日本の所得税は超過累進税率が採用されています。
すなわち所得が高くなればなるほど税率が高くなって、税金も高くなるという制度です。
儲かっている人からはたくさん税金をとるということですね。
(H28現在の最低税率は5%で最高45%と大きな差があります)
ここで、もし仮に1年目で300万円稼いで2年目に20万円稼ぐAさんと、
1年目2年目ともに160万円ずつ稼ぐBさんがいたとします。
2年間の合計は二人とも320万円なのに、
税金合計はAさん212,500円、Bさん160,000円と大きな差が発生します。
このような格差をなくすために設けられた制度が平均課税です。
平均課税とは、
変動所得又は臨時所得がある場合に、
それらの金額を他の所得とは分けて税率を乗じ税額を計算することで、
公平性を担保するものです。
※変動所得、臨時所得がなにかということについては後ほど説明します
計算方法はやや複雑ですが、国税庁HPにある計算書を用いれば
算出することができます。
https://www.nta.go.jp/tetsuzuki/shinkoku/shotoku/yoshiki02/pdf/011.pdf
簡単に説明すると、臨時・変動所得をX、それ以外の所得をYとすると、
Yで決まった税率をXにも適用して計算するというものです。
Yの税率が5%ならXにも5%を乗じて税額を出します。
これによって超過累進税率なら高い税率がかかったであろう臨時・変動所得の税金が
平準化されるということですね。
なお平均課税の適用条件として、以下の1.2に当てはまる必要があります。
1. 変動所得、臨時所得があること。
変動所得は簡単にいうと、
漁業や養殖、他に原稿料や印税など年によって変動が大きい所得のことです。
一方臨時所得とは土地などの不動産を貸し付けする際に発生する権利金や頭金、
プロ野球選手の契約金等のことをいいます。
詳しくは国税庁HPにある「変動所得・臨時所得の説明書」を参照ください
http://www.nta.go.jp/tetsuzuki/shinkoku/shotoku/tebiki2015/pdf/15.pdf
2. その年の所得について以下に当てはまること
A. 臨時所得のみの時→臨時所得が総所得金額の20%以上
B. 変動所得のみの時→変動所得が過去2年間の変動所得の平均を超えており、かつ総所得金額の20%以上
C. 臨時所得と変動所得の両方がある時(変動所得は過去2年間の平均超)
→臨時所得と変動所得の合計が総所得金額の20%以上
D. 臨時所得と変動所得の両方がある時(変動所得は過去2年間の平均以下)
→臨時所得が総所得金額の20%以上
他、留意すべき点について以下に記載しておきます
・申告書には計算書を添付します
・必要経費や青色申告特別控除額については、通常の所得と変動所得、臨時所得、それぞれに按分します。

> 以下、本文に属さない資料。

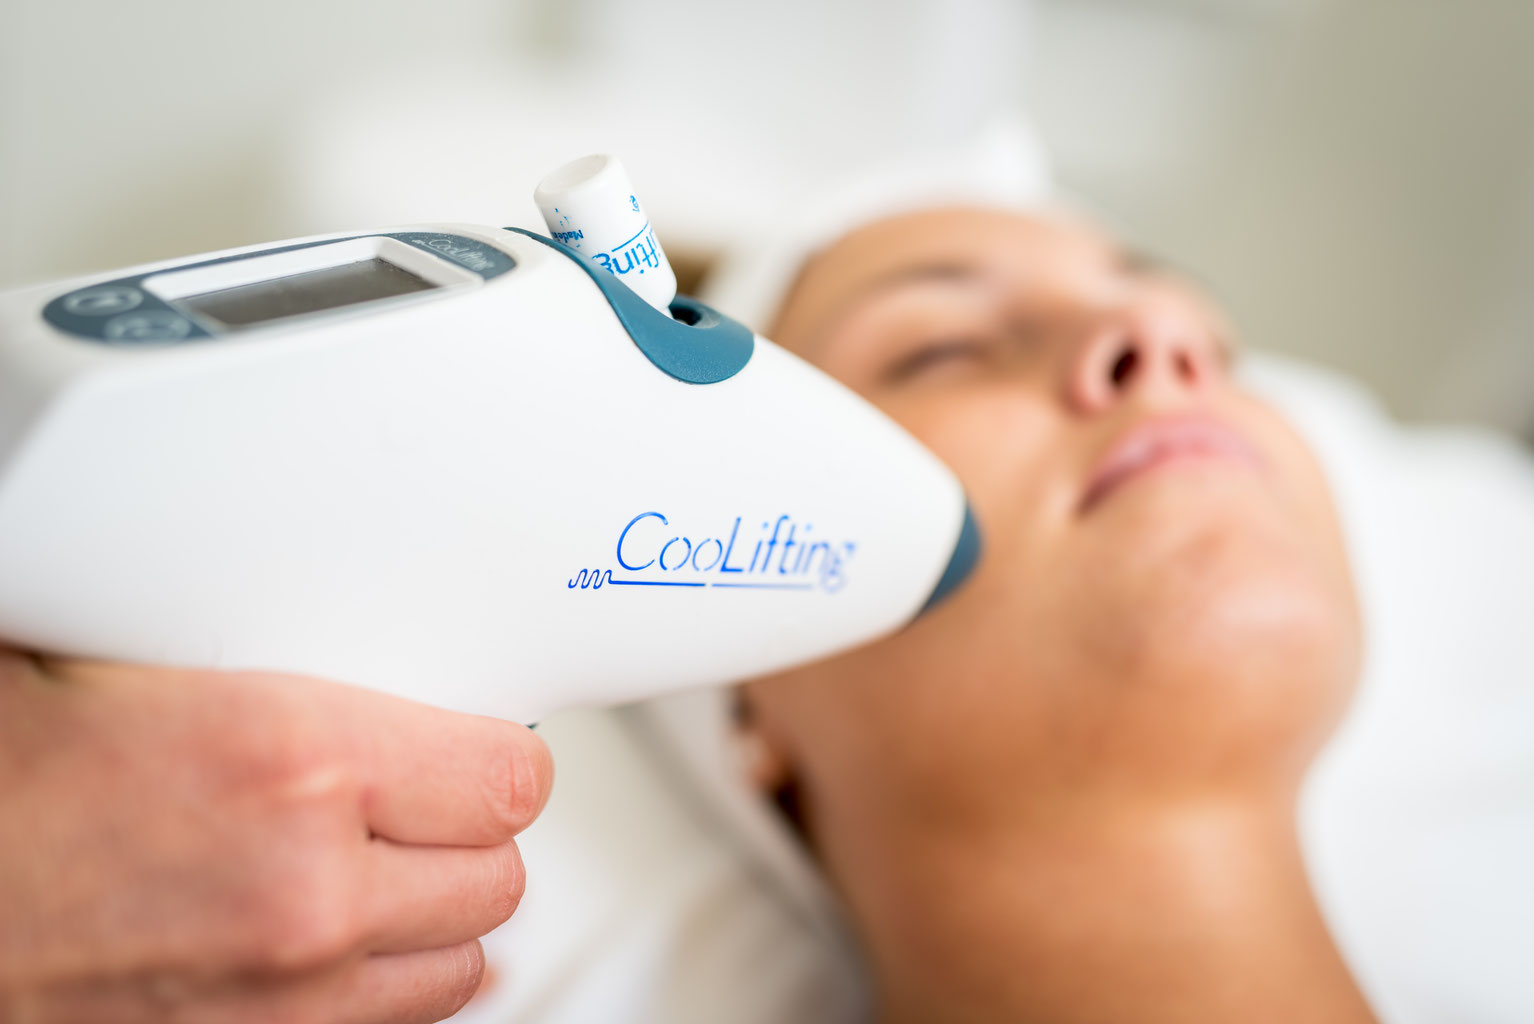 CooLifting - Straffe Haut in wenigen Minuten - Kosmetik

・翌年の予定納税の額を決定する際は、変動・臨時所得の額は含まれずに計算されます
・不動産の権利金や頭金については、臨時所得ではなく、譲渡所得とされるものもあるため留意が必要です(変動所得・臨時所得の説明書参照)
平均所得を利用すると税額を大きく減らすことができる可能性があります。
ぜひ覚えておくといいでしょう。